We characterised thousands of locus-specific gain or loss of 5hmC regions, which were implicated in several pathways and transcription factor occupancy. TEAD family transcription factors, overpresented in gain-5hmC regions, are the major intracellular mediators of the Hippo-Yap pathway and TEAD-AP1 cooperation drives the expression of a unique core set of target genes, thereby directing cancer cell migration and invasion (Liu et al, 2016). Thus, we suggested that lncRNAs associated with the gain or loss 5hmC regions might be members of those signalling and regulated by the transcription factor.

To evaluate the clinical significance of differential modifications of 5hmC, we examined their associated lncRNA expression patterns in primary, metastatic tumour and normal colon. We showed that these lncRNAs exhibited distinct expression patterns in cancerous and normal tissue, whereas some metastatic tumours were similar to primary tumours with lncRNA expression changes, reflecting 5hmC changes across various tumour status. To further examine these lncRNA signatures in TCGA data using TANRIC, we mapped our lncRNAs to GENCODE V19 annotations. Among the mapped lncRNAs, some lncRNAs were correlated with distinct overall survival outcomes, tumour stage and MSI status. Thus, 5hmC as well as associated lncRNA signatures might serve as new diagnostic and prognostic prediction markers in CRC.

It has been suggested that several variants in LD could impact multiple enhancers and cooperatively affect target gene expression (Corradin et al, 2014). Here we obtained a list of the colon cancer-associated variant set, which included 18 clusters with 18 risk-associated SNPs and 568 linked SNPs that were in LD with each of the risk-associated SNPs. Of the 586 SNPs, 7.7% (45) were significantly mapped to 5hmC-marked regions (P=0.001), including 15 clusters. In addition, the vast majority of the remaining SNPs were located less than 10 kb from 5hmC regions. We also found that 5hmC regions containing SNPs exhibited a higher 5hmC signal level than control 5hmC sites not associated with colon cancer SNPs. We speculate that non-coding GWAS variants located within these types of enhancers could modulate gene expression, in some way, by affecting 5hmC-regulated enhancer activity. Notably, we also found CRC variants that mapped to a single 5hmC-marked enhancer at the SMAD7 locus, which contains a super-enhancer in CRC (Hnisz et al, 2013). A super-enhancer comprises large enhancer clusters that control cell identity (Hnisz et al, 2013; Whyte et al, 2013), can be defined by histone H3K27ac modification, and is associated with key oncogenes in several cancer cell types (Hnisz et al, 2013; Loven et al, 2013). In CRC, many cancer hallmark genes that function in the multistep process of tumour pathogenesis acquired super-enhancers (Hnisz et al, 2013). As a fraction of super-enhancers were occupied by 5hmC, we suggest that 5hmC is involved in the process of tumour pathogenesis driven by super-enhancers.

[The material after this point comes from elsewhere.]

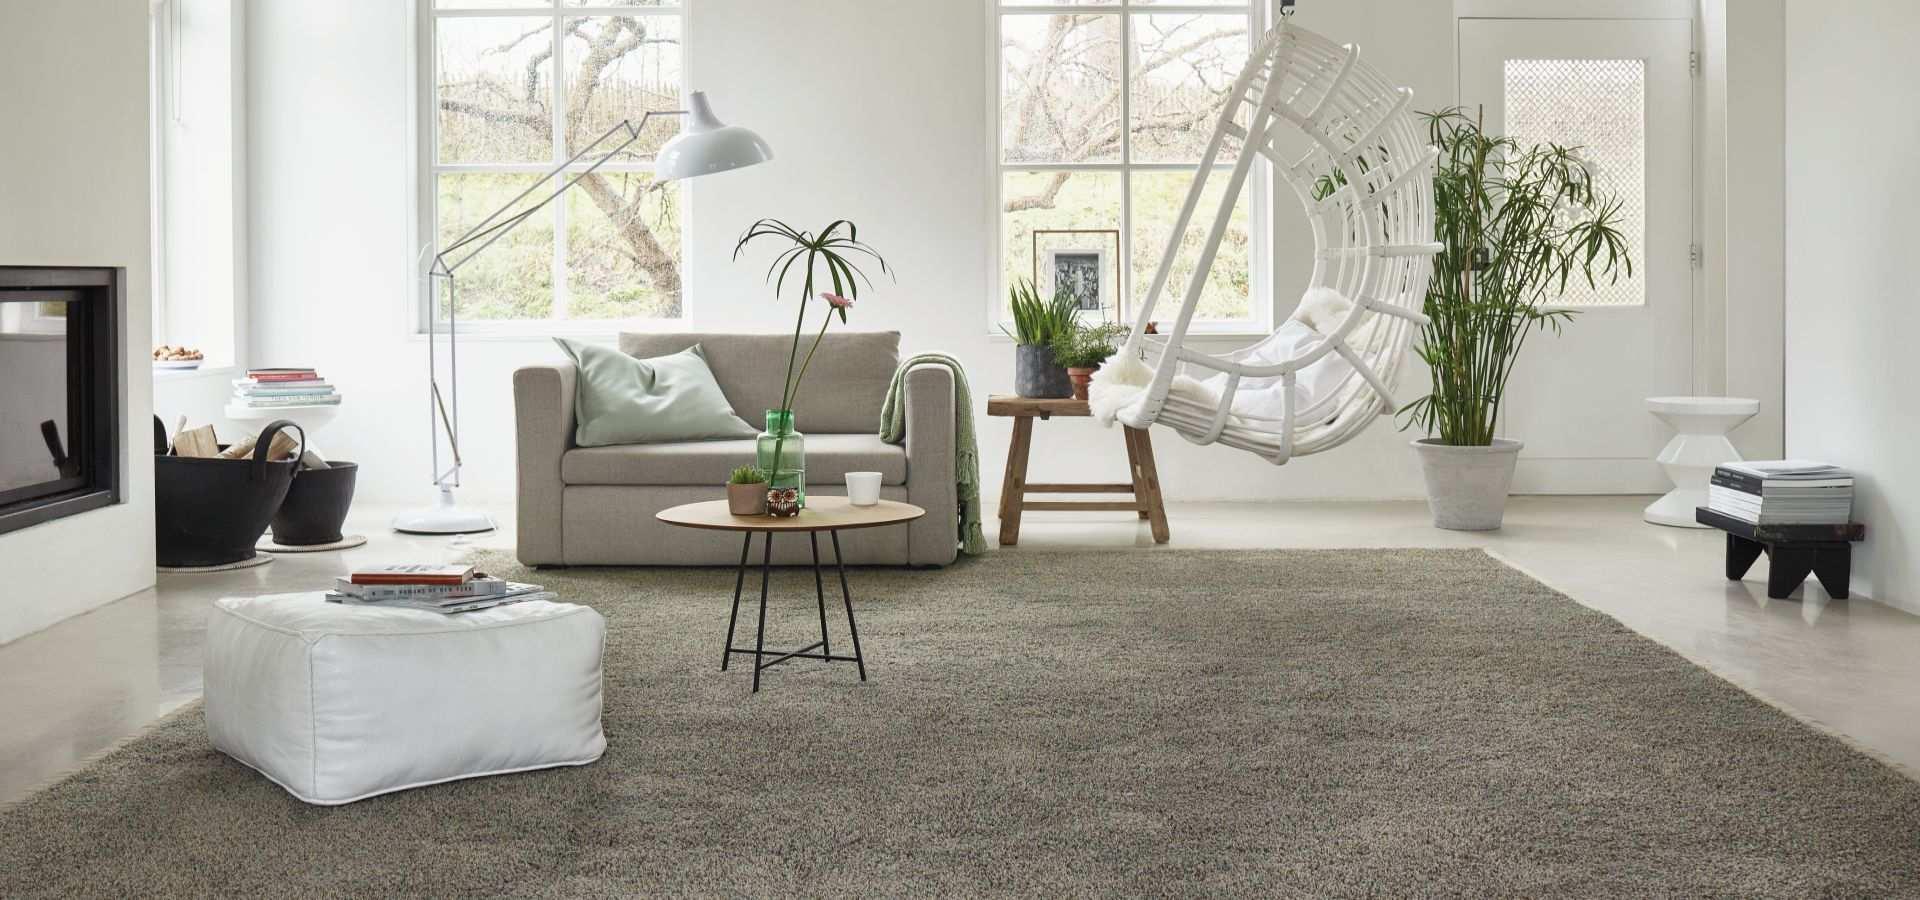 Bild Wohnzimmer Teppichboden grau beige meliert

In conclusion, we have systemically investigated the genome-wide patterns and functional relevance of 5hmC in CRC. Our findings suggest potential roles for 5hmC in the regulation of tumour-specific promoters, enhancers and lncRNAs, thereby contributing to the pathogenesis of CRC, which will need to be taken into consideration in future studies of oncogenic transcriptional control in CRC.